EXERCISE DATA:
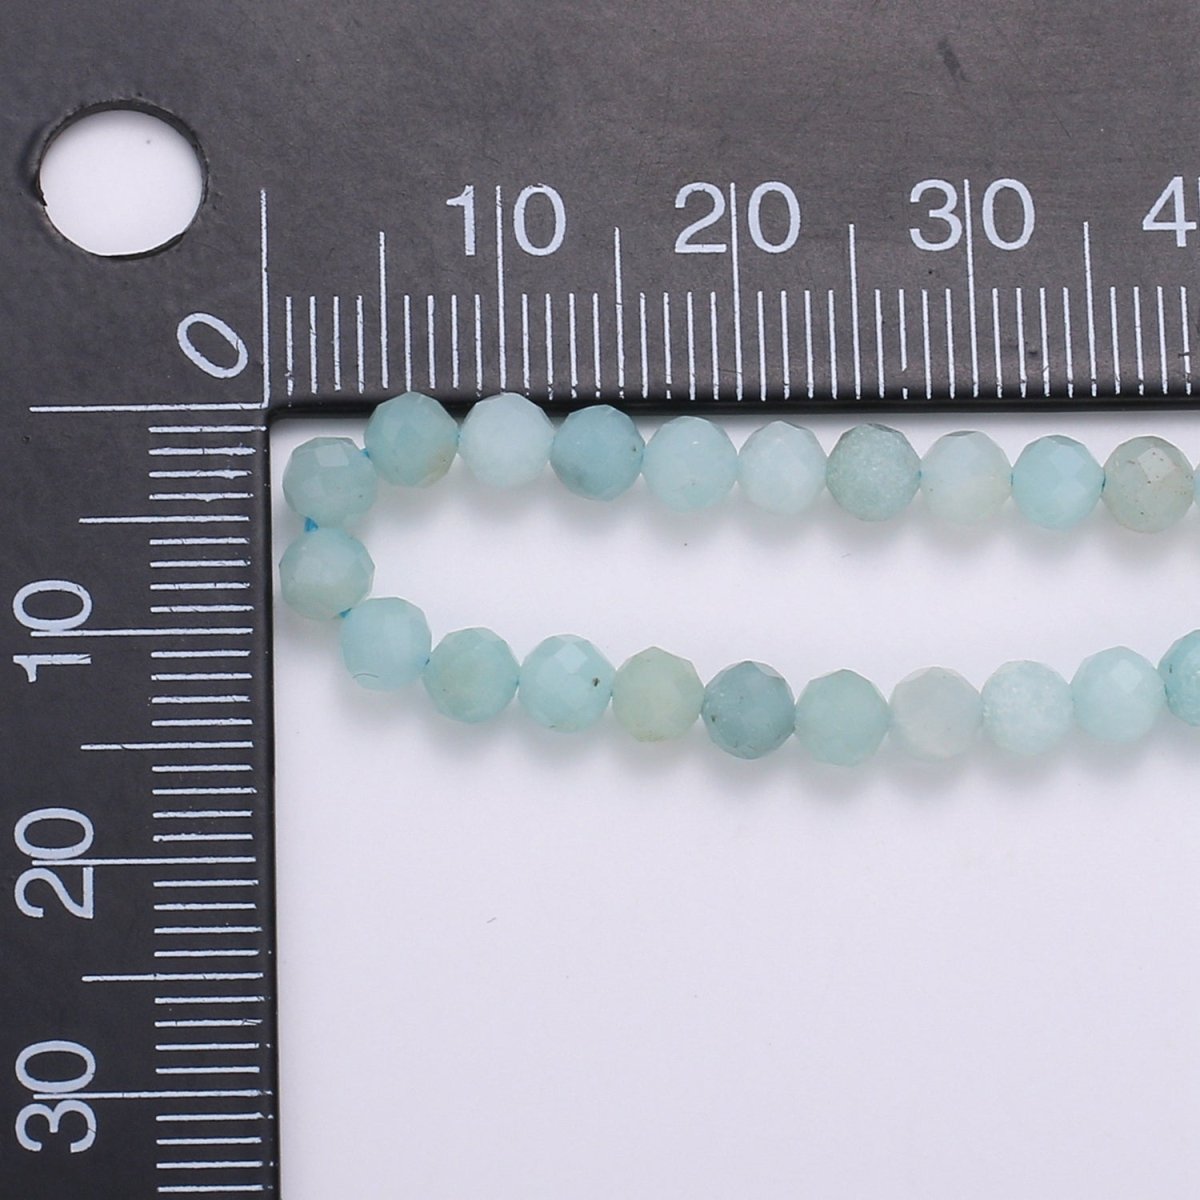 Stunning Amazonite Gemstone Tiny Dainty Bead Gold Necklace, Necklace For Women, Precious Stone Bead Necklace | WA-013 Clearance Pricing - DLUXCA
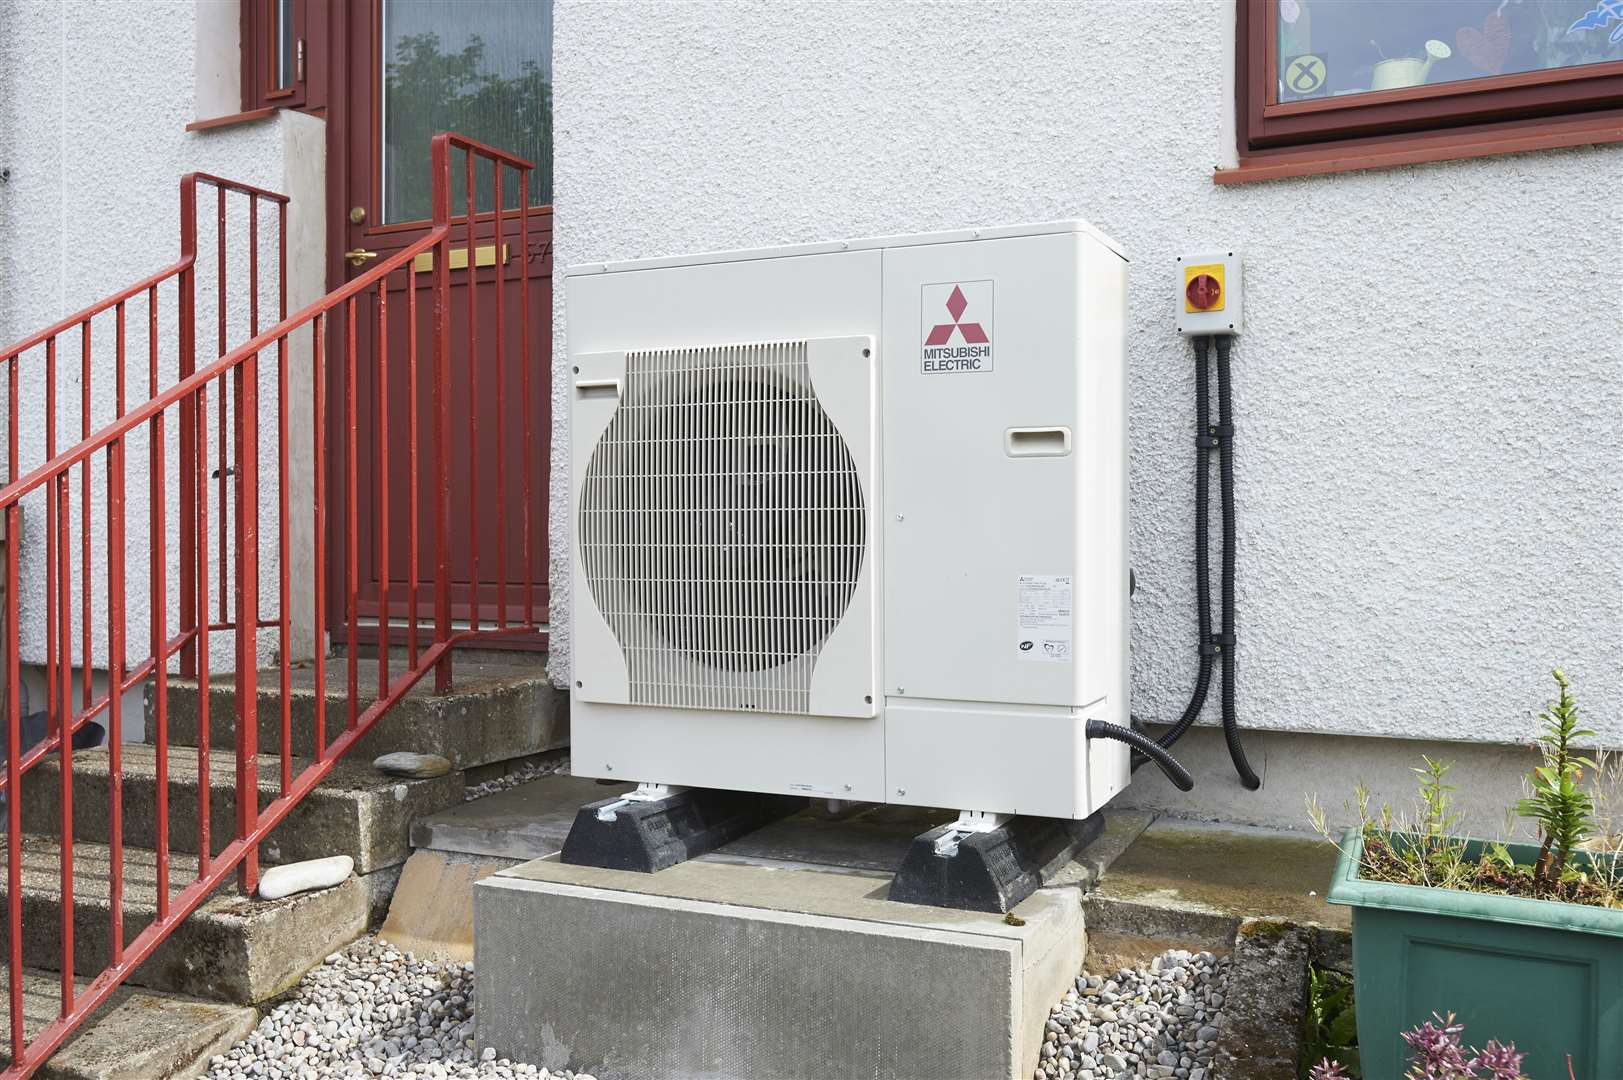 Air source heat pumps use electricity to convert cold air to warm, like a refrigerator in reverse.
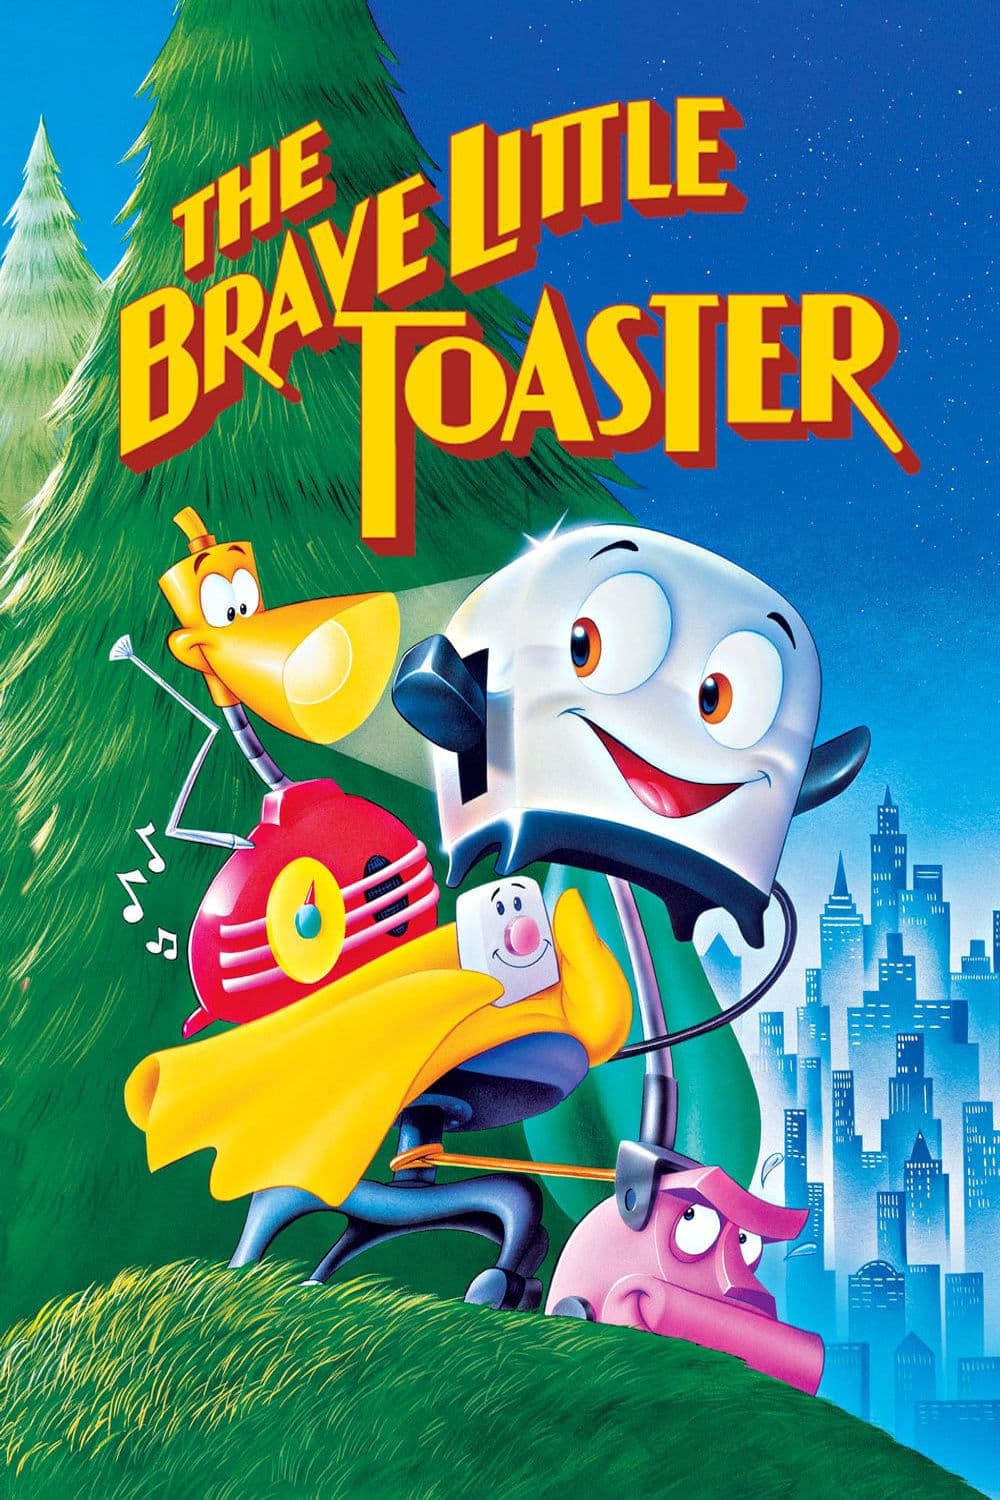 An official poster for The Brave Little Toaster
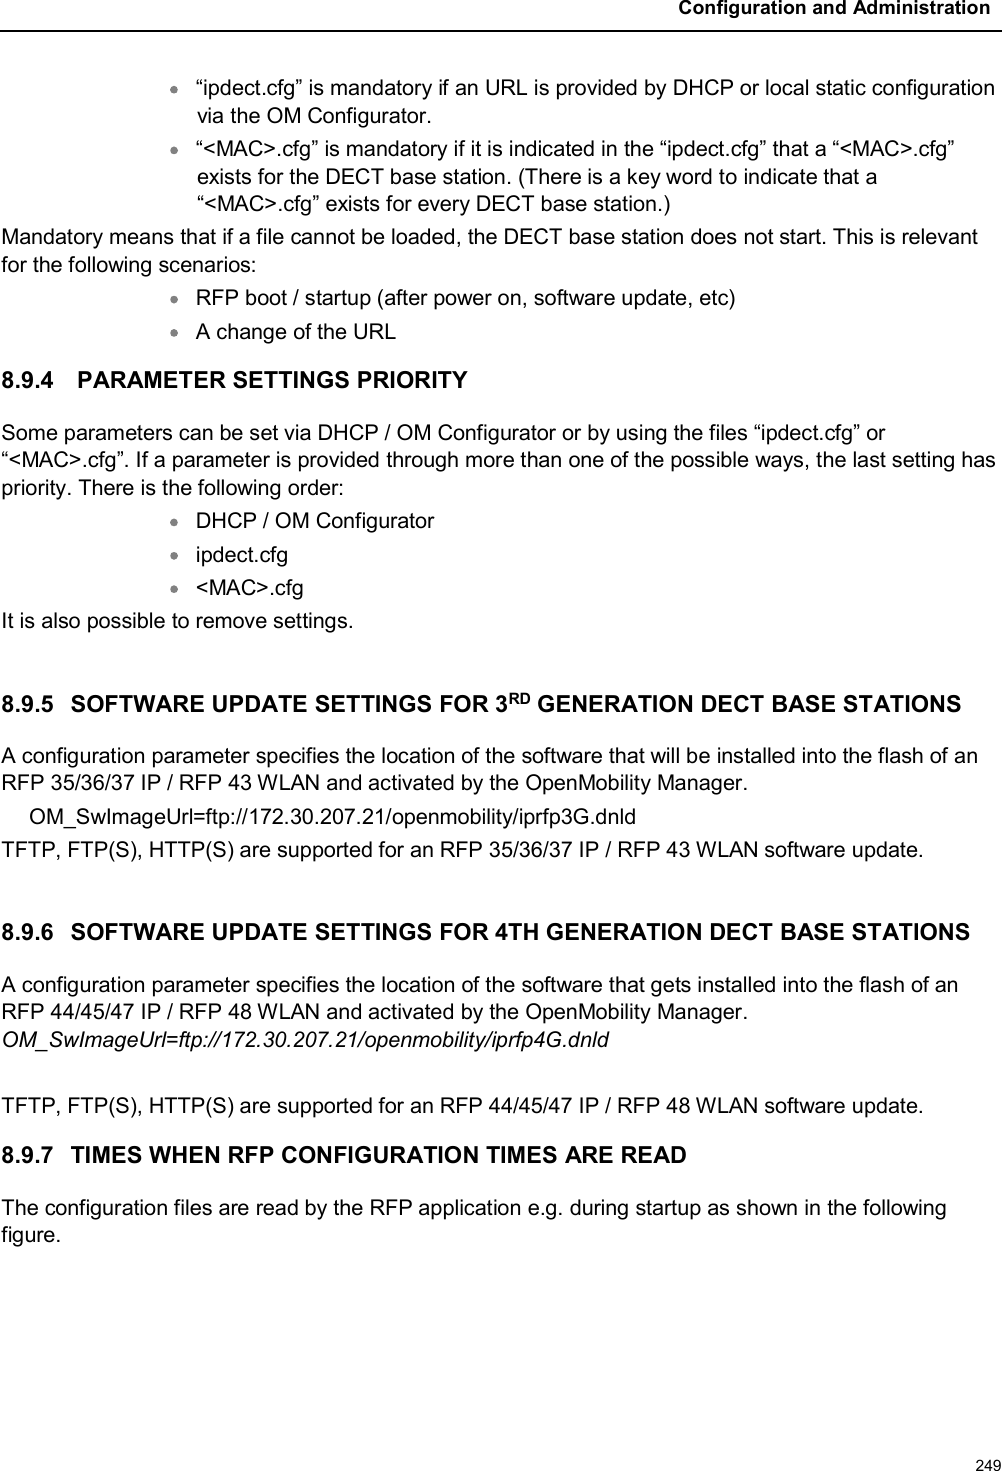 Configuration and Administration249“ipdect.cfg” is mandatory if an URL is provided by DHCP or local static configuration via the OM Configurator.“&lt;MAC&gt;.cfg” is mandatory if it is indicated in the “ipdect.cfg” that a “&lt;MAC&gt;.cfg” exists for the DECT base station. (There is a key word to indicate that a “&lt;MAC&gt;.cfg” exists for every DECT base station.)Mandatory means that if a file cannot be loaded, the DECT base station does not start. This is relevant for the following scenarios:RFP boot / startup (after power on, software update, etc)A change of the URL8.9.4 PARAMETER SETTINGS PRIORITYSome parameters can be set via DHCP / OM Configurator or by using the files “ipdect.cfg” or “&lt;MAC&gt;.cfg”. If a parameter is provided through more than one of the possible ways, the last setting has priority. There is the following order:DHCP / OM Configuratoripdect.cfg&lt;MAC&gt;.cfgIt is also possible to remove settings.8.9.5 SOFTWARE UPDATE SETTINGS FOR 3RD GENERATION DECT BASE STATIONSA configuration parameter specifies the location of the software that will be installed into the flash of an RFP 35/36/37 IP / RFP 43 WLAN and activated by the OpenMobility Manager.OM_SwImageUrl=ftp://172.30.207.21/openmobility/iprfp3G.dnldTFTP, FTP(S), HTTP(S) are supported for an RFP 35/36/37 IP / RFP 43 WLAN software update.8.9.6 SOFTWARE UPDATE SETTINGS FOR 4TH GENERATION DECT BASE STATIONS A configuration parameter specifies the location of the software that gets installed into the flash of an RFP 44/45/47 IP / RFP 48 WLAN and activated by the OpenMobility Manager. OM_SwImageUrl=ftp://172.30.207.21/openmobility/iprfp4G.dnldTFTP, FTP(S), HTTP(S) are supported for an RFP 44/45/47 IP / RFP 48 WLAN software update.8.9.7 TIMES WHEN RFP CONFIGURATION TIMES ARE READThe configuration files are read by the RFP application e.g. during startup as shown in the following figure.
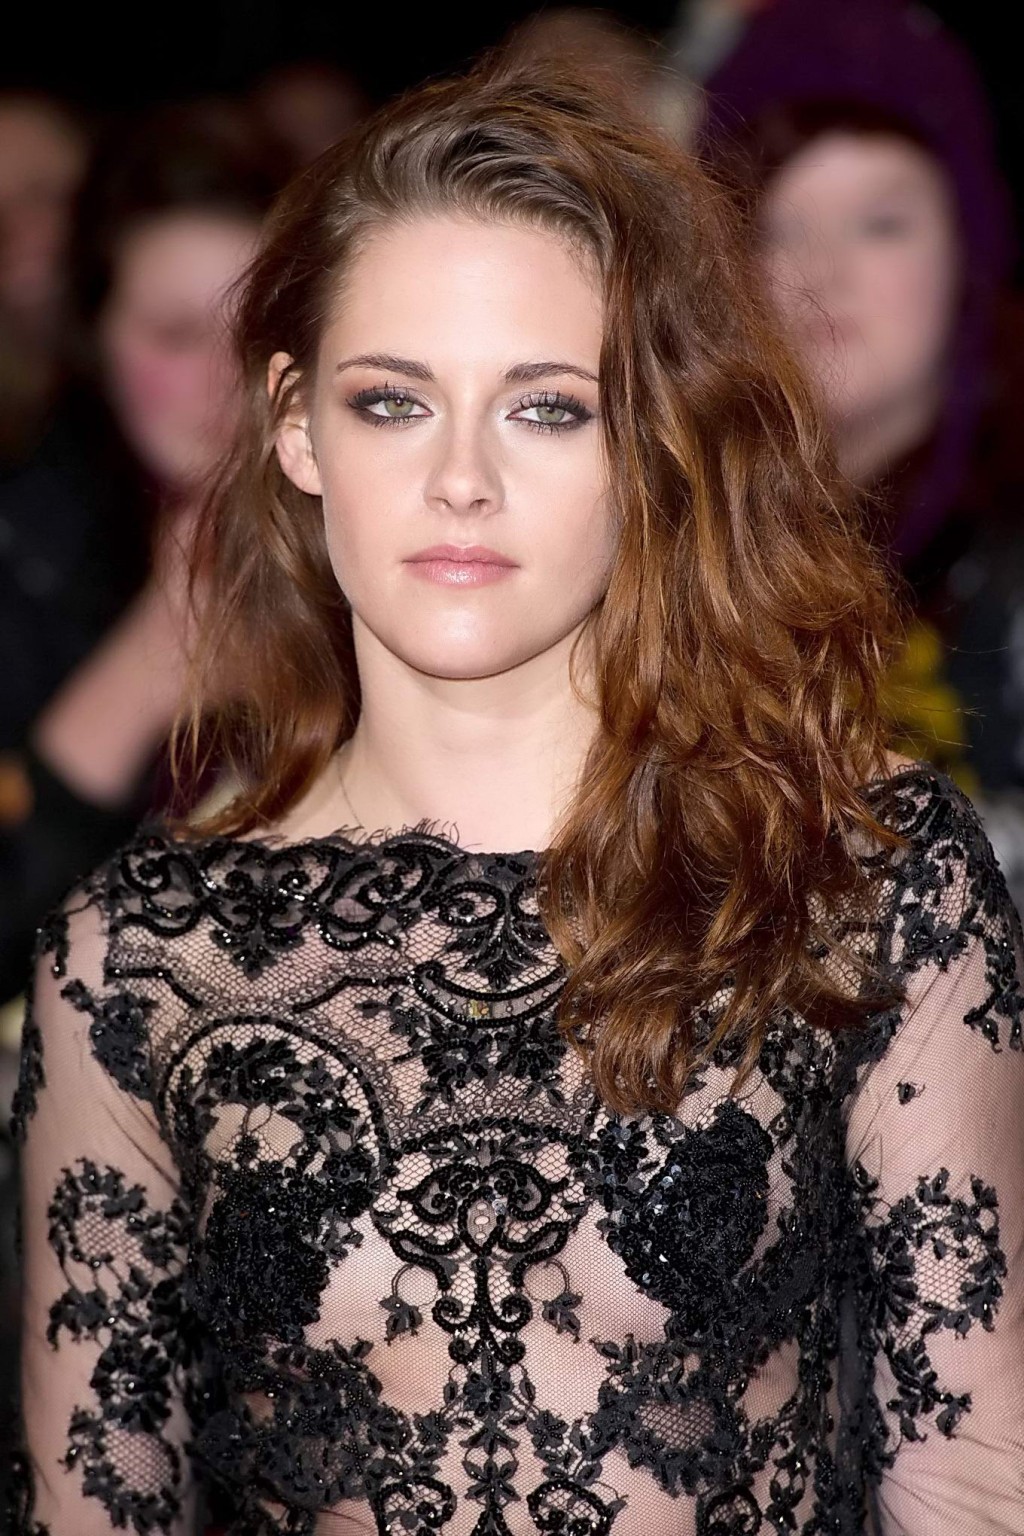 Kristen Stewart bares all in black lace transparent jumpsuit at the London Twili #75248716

YOUR INSTRUCTIONS: Copy all of the material word for word, and include none of its pictures.

EXERCISE ANSWER:
 Stunning Amazonite Gemstone Tiny Dainty Bead Gold Necklace, Necklace For Women, Precious Stone Bead Necklace | WA-013 Clearance Pricing - DLUXCA
 Air source heat pumps use electricity to convert cold air to warm, like a refrigerator in reverse.
 An official poster for The Brave Little Toaster
 Configuration and Administration249“ipdect.cfg” is mandatory if an URL is provided by DHCP or local static configuration via the OM Configurator.“&lt;MAC&gt;.cfg” is mandatory if it is indicated in the “ipdect.cfg” that a “&lt;MAC&gt;.cfg” exists for the DECT base station. (There is a key word to indicate that a “&lt;MAC&gt;.cfg” exists for every DECT base station.)Mandatory means that if a file cannot be loaded, the DECT base station does not start. This is relevant for the following scenarios:RFP boot / startup (after power on, software update, etc)A change of the URL8.9.4 PARAMETER SETTINGS PRIORITYSome parameters can be set via DHCP / OM Configurator or by using the files “ipdect.cfg” or “&lt;MAC&gt;.cfg”. If a parameter is provided through more than one of the possible ways, the last setting has priority. There is the following order:DHCP / OM Configuratoripdect.cfg&lt;MAC&gt;.cfgIt is also possible to remove settings.8.9.5 SOFTWARE UPDATE SETTINGS FOR 3RD GENERATION DECT BASE STATIONSA configuration parameter specifies the location of the software that will be installed into the flash of an RFP 35/36/37 IP / RFP 43 WLAN and activated by the OpenMobility Manager.OM_SwImageUrl=ftp://172.30.207.21/openmobility/iprfp3G.dnldTFTP, FTP(S), HTTP(S) are supported for an RFP 35/36/37 IP / RFP 43 WLAN software update.8.9.6 SOFTWARE UPDATE SETTINGS FOR 4TH GENERATION DECT BASE STATIONS A configuration parameter specifies the location of the software that gets installed into the flash of an RFP 44/45/47 IP / RFP 48 WLAN and activated by the OpenMobility Manager. OM_SwImageUrl=ftp://172.30.207.21/openmobility/iprfp4G.dnldTFTP, FTP(S), HTTP(S) are supported for an RFP 44/45/47 IP / RFP 48 WLAN software update.8.9.7 TIMES WHEN RFP CONFIGURATION TIMES ARE READThe configuration files are read by the RFP application e.g. during startup as shown in the following figure.
 Kristen Stewart bares all in black lace transparent jumpsuit at the London Twili #75248716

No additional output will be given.